For instance, if you subtract a month from date March 30th of this year, the result should be February 28 2015 but instead you run into an ORA-01839: “date not valid for month specified.” The ADD_MONTHS function behaves more like expected, so I adjusted the PL/SQL code to use this. Best if you adjust your code too.

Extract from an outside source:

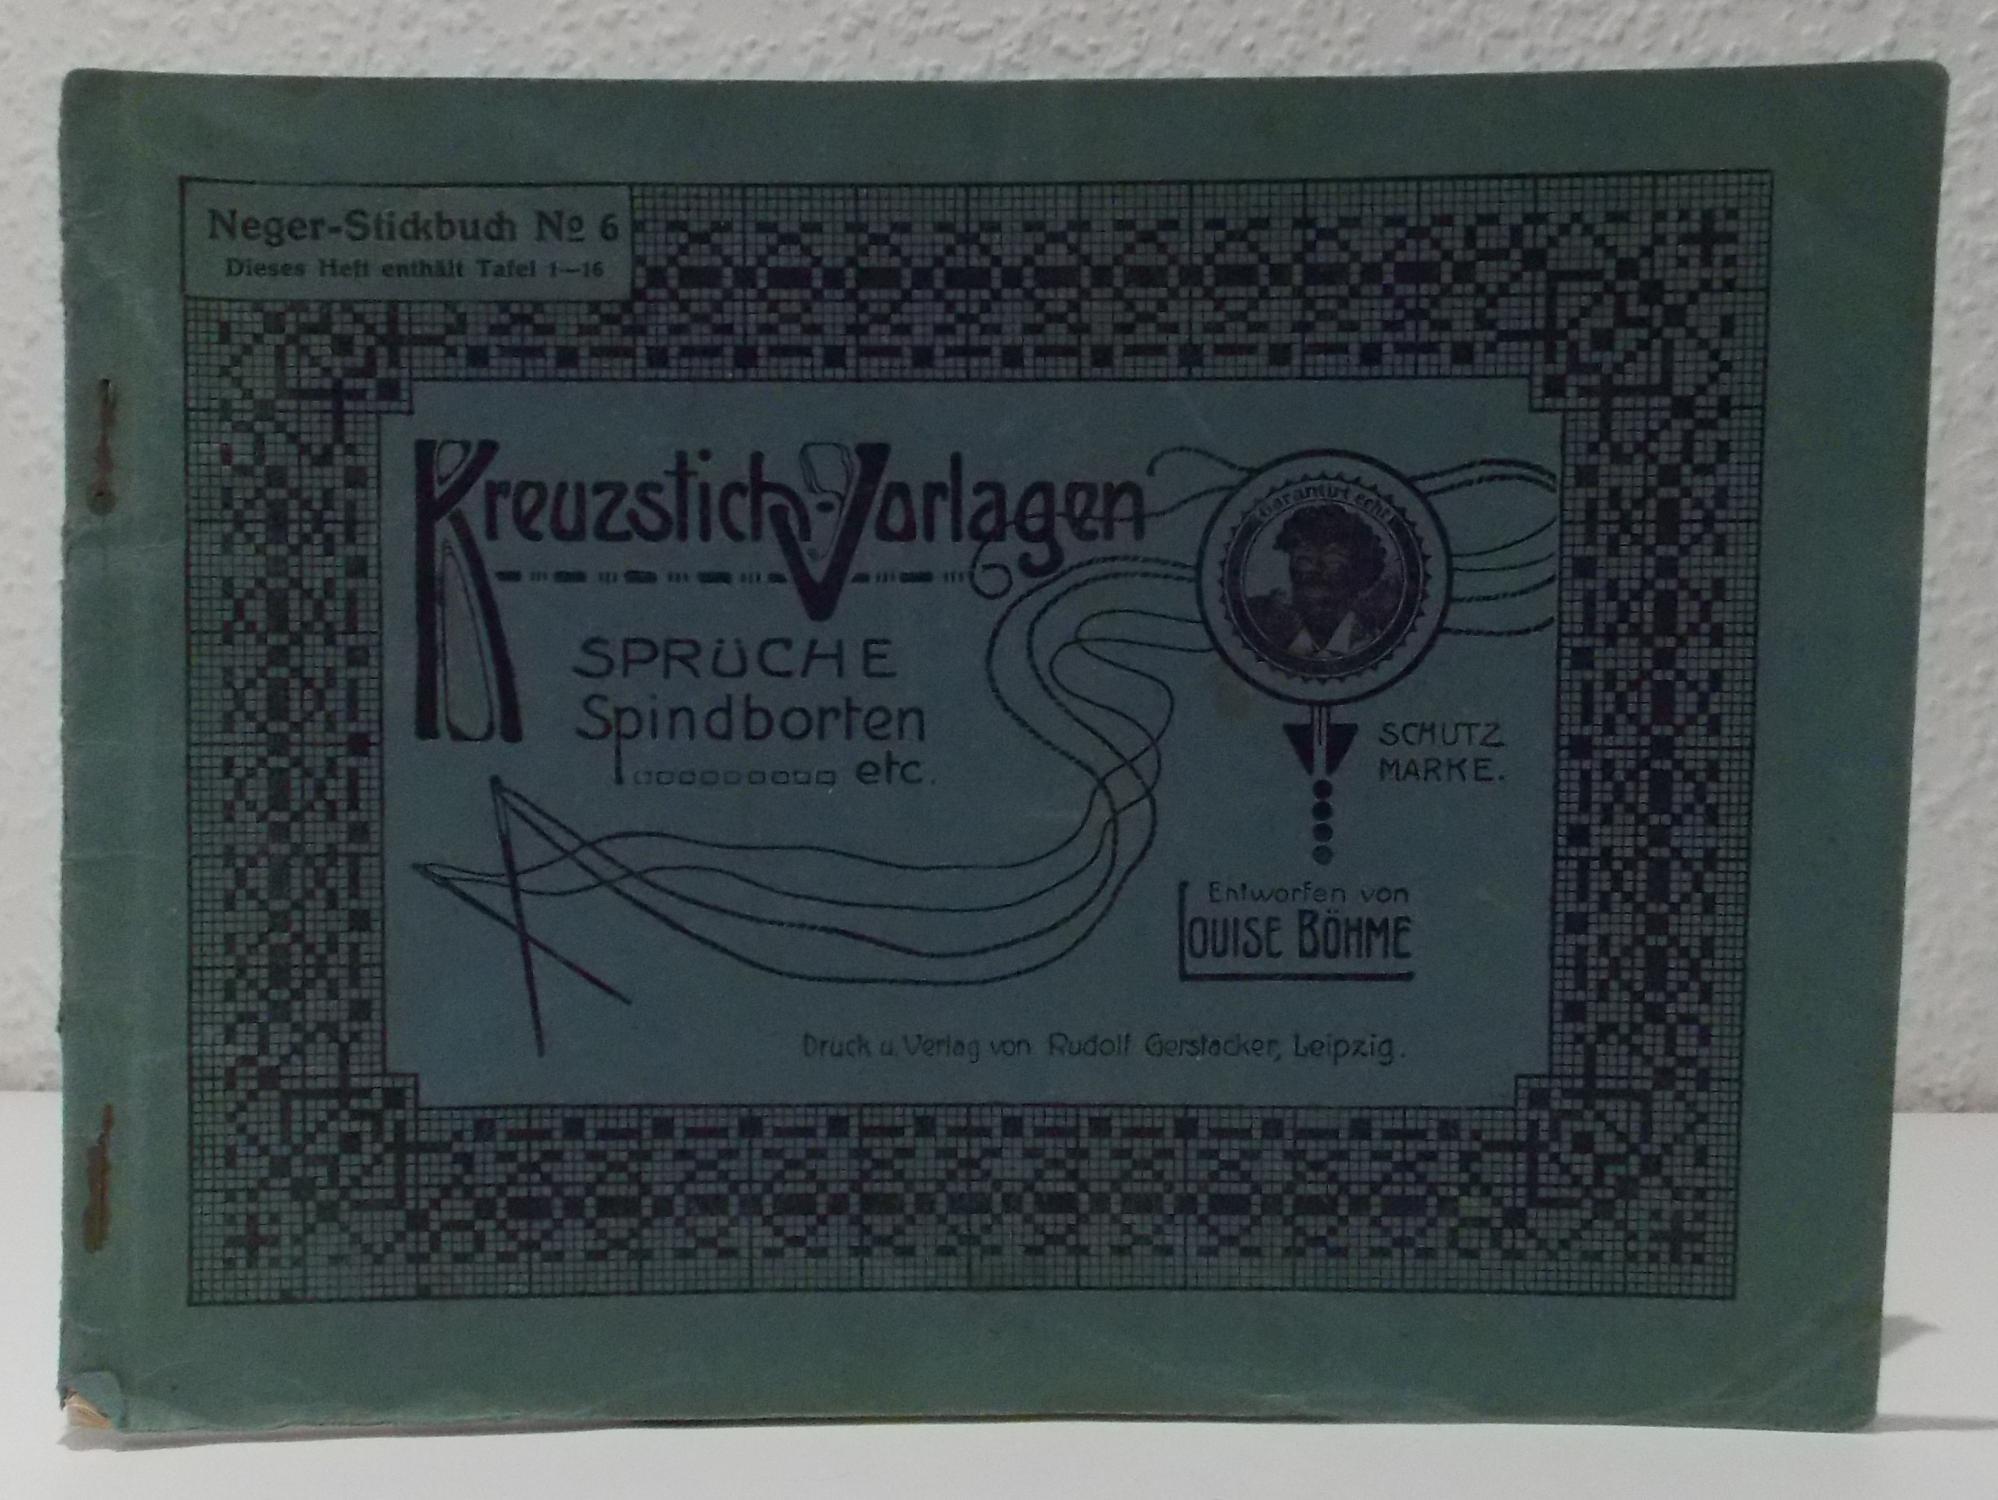 Kreuzstich vorlagen sprueche von boehme zvab - Vorlagen kreuzstich ...

In reaction to your comment…
Using a CTAS to set all remaining rows apart with a DDL statement is quite a common approach to bulk deletes. By subsequently dropping the original table, renaming the newly created table to its original name, and recreating indexes you avoid any DML statement, resulting in low undo, redo and temp usage. But this presupposes enough disk space for an extra table, no archiving of the deleted data, no dependencies or at least not many dependencies, and an offline time slot for the table switch.
Your solution using partitioning with CTAS is a bit puzzling to me… why not use partitioning on the original table and drop partitions you no longer need. That’s what I referred to when I mentioned using the Partitioning Option on Oracle Enterprise Edition as probably the best method for a bulk delete. All other stuff, including my code, assumes the Oracle Database Standard Edition.